ECB’s Wuncsh stated in a Financial Times interview that he could see ECB go to 4% and that ECB had to tighten monetary policy until they saw wage growth and core inflation decline. This supports our expectations that 4% will be the peak for ECB.
The cash balance at the US Treasury rose to the highest amount since March and is currently at USD 280bn. It was just USD 99bn on April 13. The recent rise was due to more tax payments rolling in, and help push the time limit further out before the Treasury runs out of money in order not reach the debt limit. Furthermore, the Republicans are looking to pass a bill that will increase the debt ceiling by USD 1.5tn, but President Biden is against the plan.
Ireland was upgraded on Friday by Moody from A1 to Aa3 and the outlook is stable. The upgrade was driven by the solid improvement in the public finances and reduction of the debt.
We have lifted our GDP forecast for 2023 to 6.2% from 5.5%, see China Macro Monitor – 2023 growth revised up to 6.2%, 24 April. It mainly reflects that Q1 was stronger than expected and thus provides a higher base for the year. However, we see growth momentum moving lower from here but still stay above potential growth for the rest of year. We see more pent-up demand in consumption, property and manufacturing investments. The recovery is still in its’ early phase, though, where uncertainty and jitters over the sustainability is likely to remain. We expect the government will add more stimulus if needed to put the recovery on a firmer footing. For 2024 we have lowered the forecast from 5.2% to 5.0%.

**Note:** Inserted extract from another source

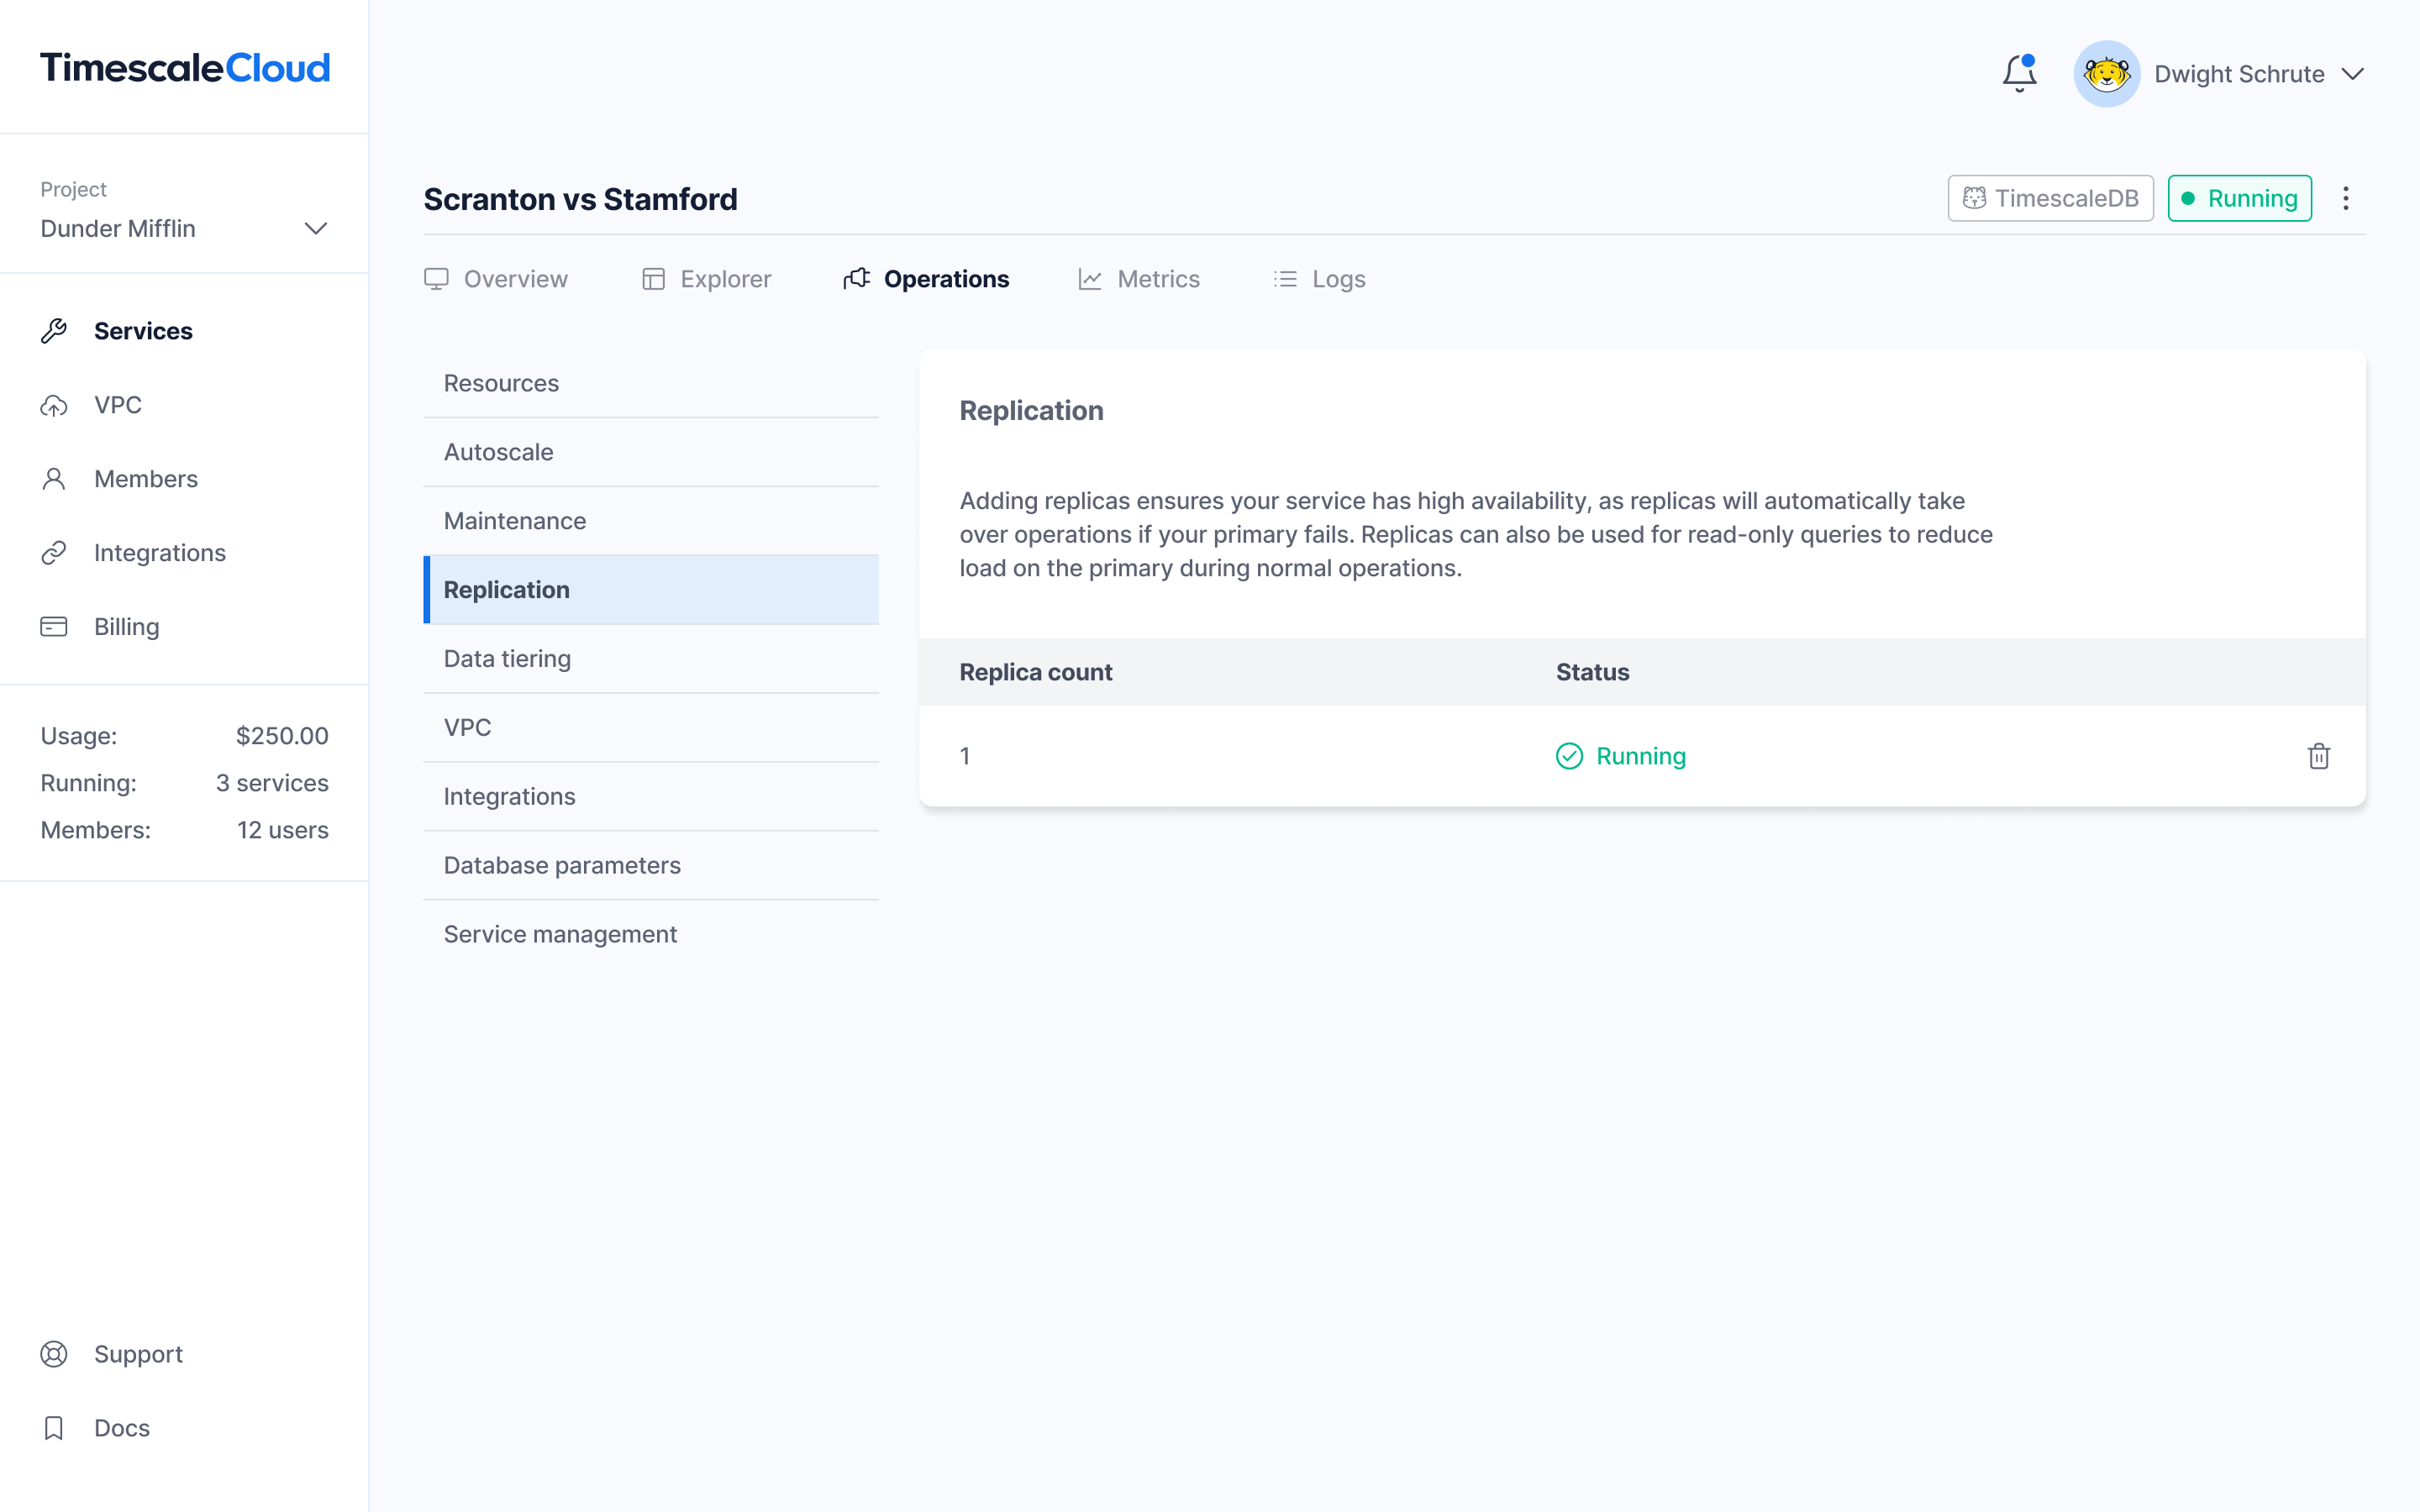 The Replication page of the new Timescale Cloud UI—built for a better developer experience

Equities struggled for direction with bunches of earnings, a shift of tail risk focus from banks to debt ceiling and a difficult batch of macro data not providing much help either. S&P 500 closed up 0.1% and Stoxx 500 0.3%. With a lack of direction, defensives took the lead with staples and health care among the better performers. In fact, defensives beat the tape throughout the week with staples doing particularly well. US futures are a tad lower this morning too.
FI: US Treasury yields rose on Friday after stronger than expected US PMI data. 10Y Treasuries ended up 4bp higher and 2Y Treasuries ended up 3bp higher. However, the levels is still much lower than before the problems in the US banking sector, where 2Y US Treasury yields were up at 5% compared to today’s level of 4.18%. This morning we have seen a modest decline in US Treasury yields in Asian trading hours.

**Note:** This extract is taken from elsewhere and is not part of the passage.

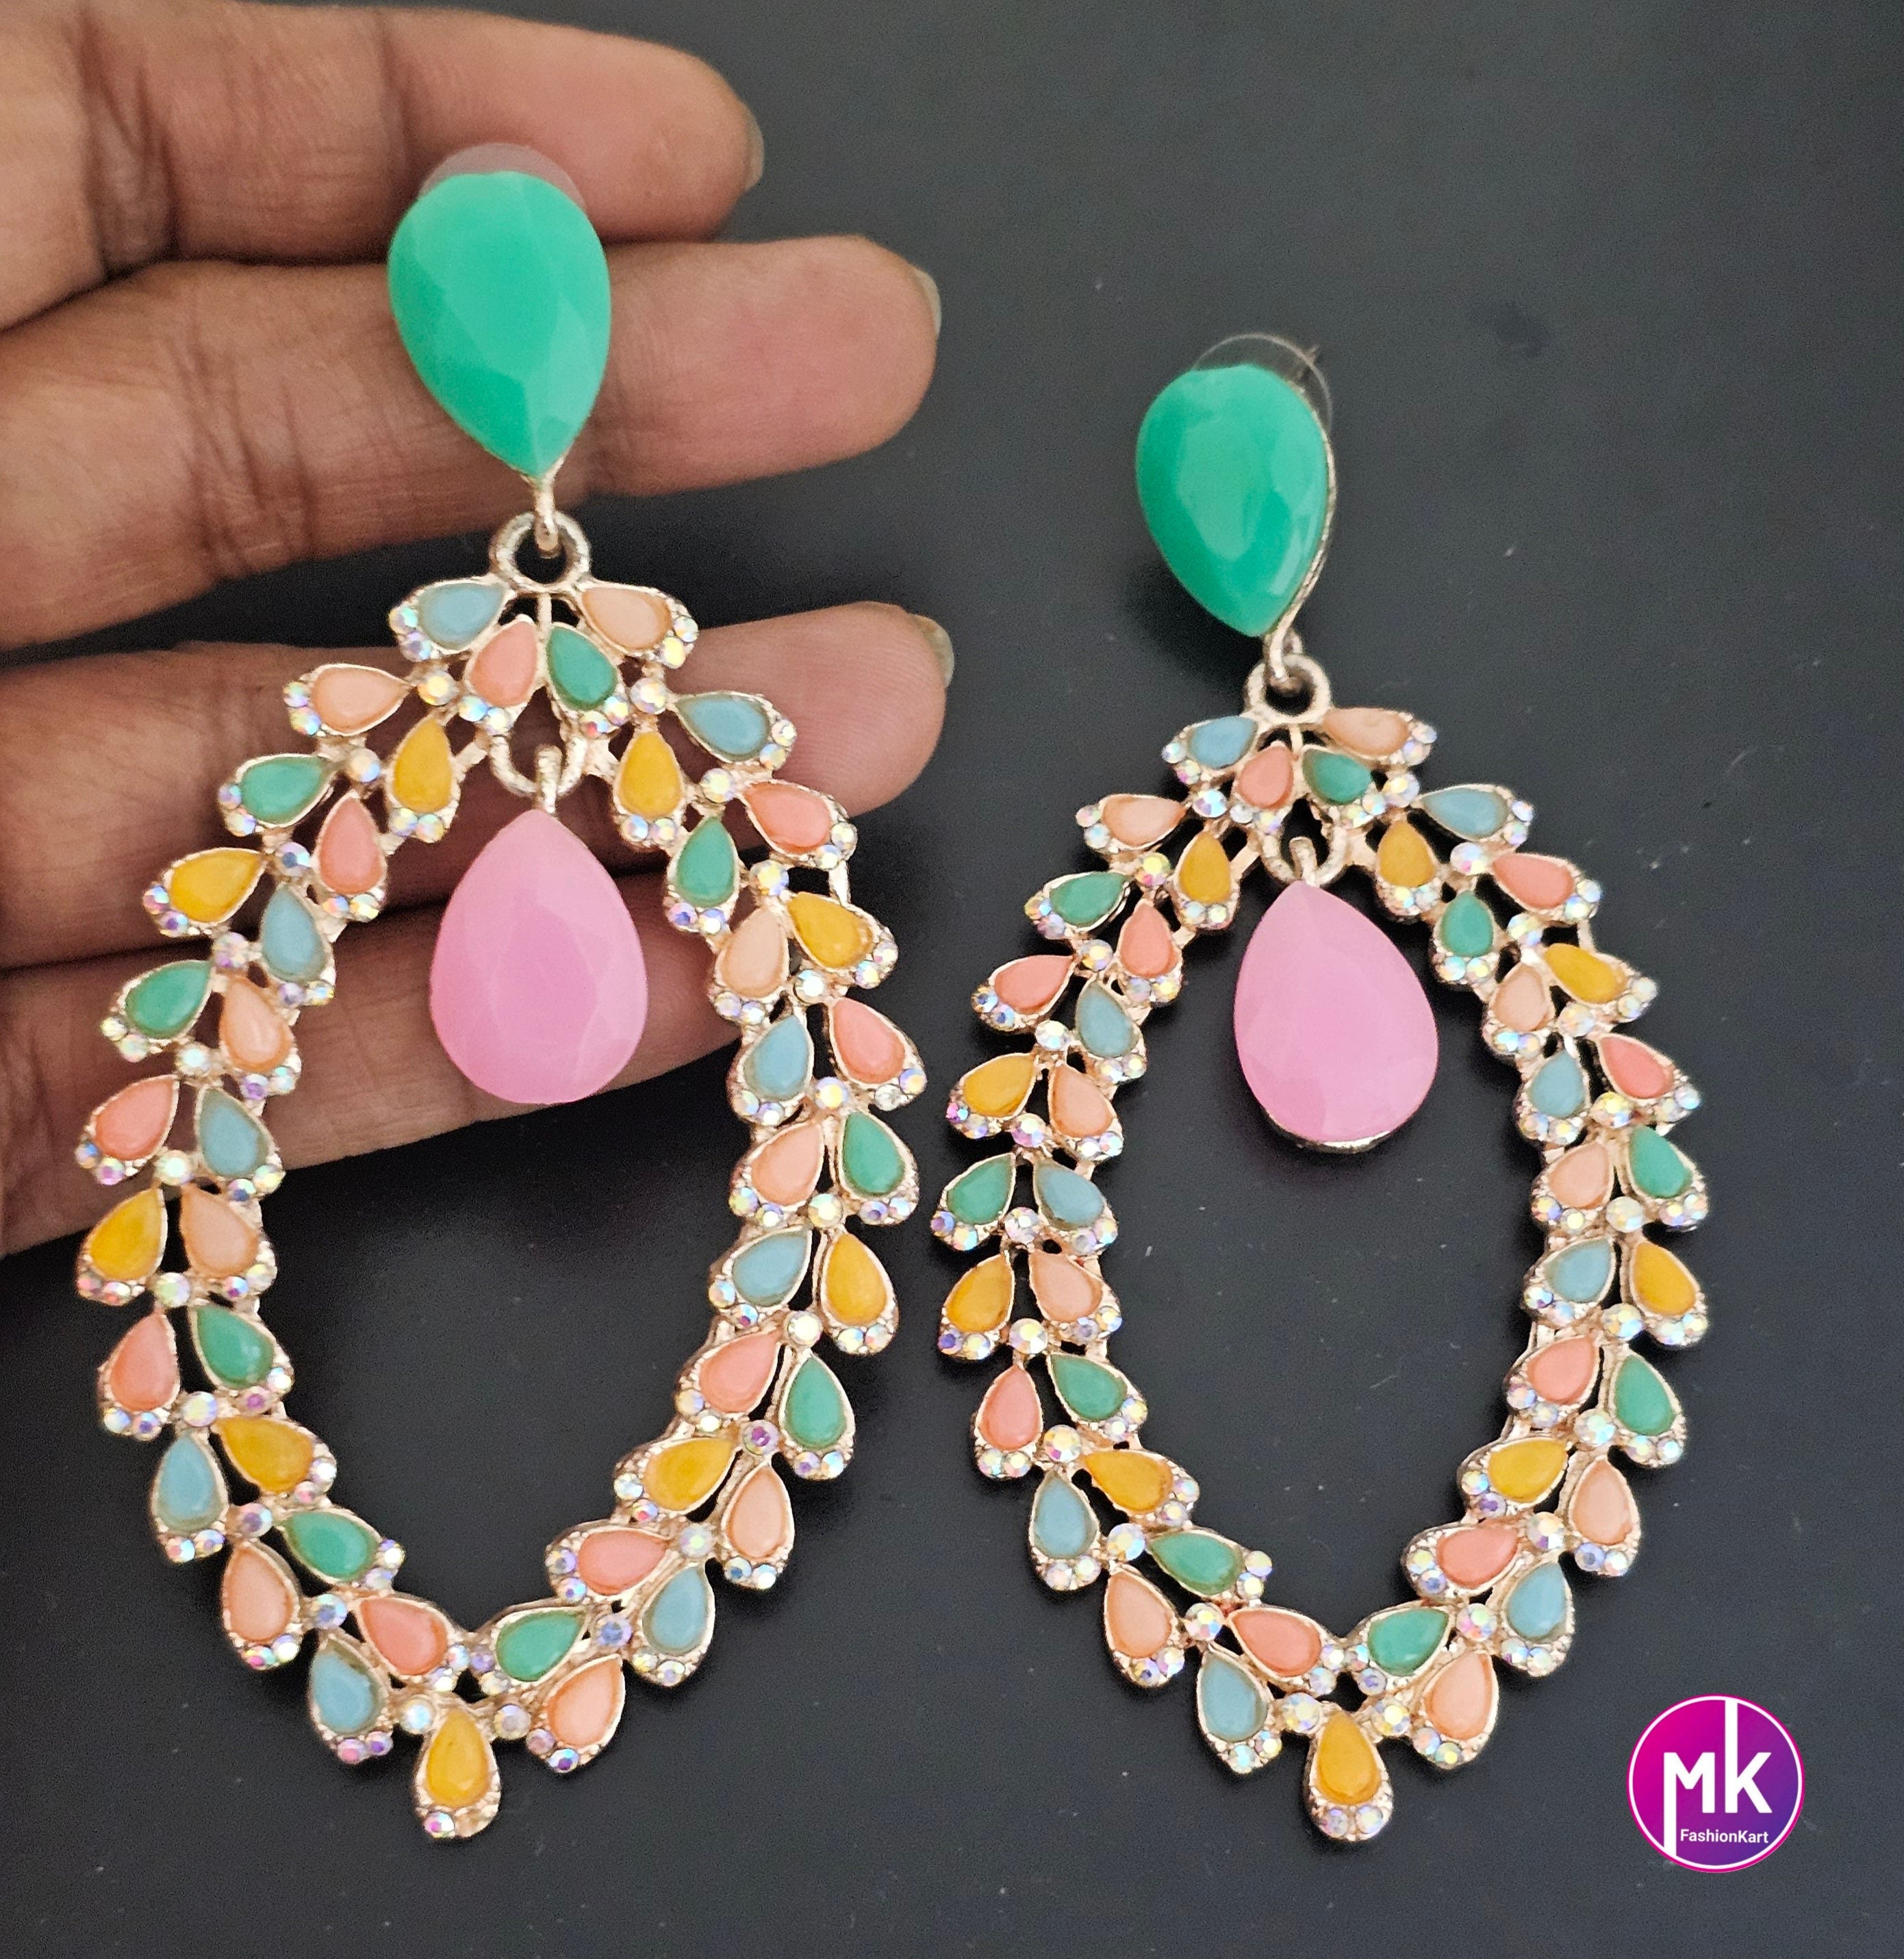 Bollywood Premium quality Multi-color stone Long Earrings

FX: It is wait-and-see for FX markets before big central bank monetary policy meetings the coming weeks. EUR/SEK trades in the 11.30-35 range before the Riksbank meeting this week. USD/JPY holds steady close to 134 before Bank of Japan meets on Friday – new governor Ueda’s first meeting. And EUR/USD trades in 1.09-1.10 range before next week’s ECB and Fed meetings, where Fed may deliver the final hike of this cycle. NOK needs to clear this week’s announcement on May’s fiscal transactions by Norges Bank before attention turns to next week’s meeting.
Credit: In an overall quite muted session, credit markets recovered somewhat from Thursday’s sell-off, with iTraxx Xover 2bp tighter and Main 0.4bp. Primary market activity was subdued with only a couple of issuers coming to the market.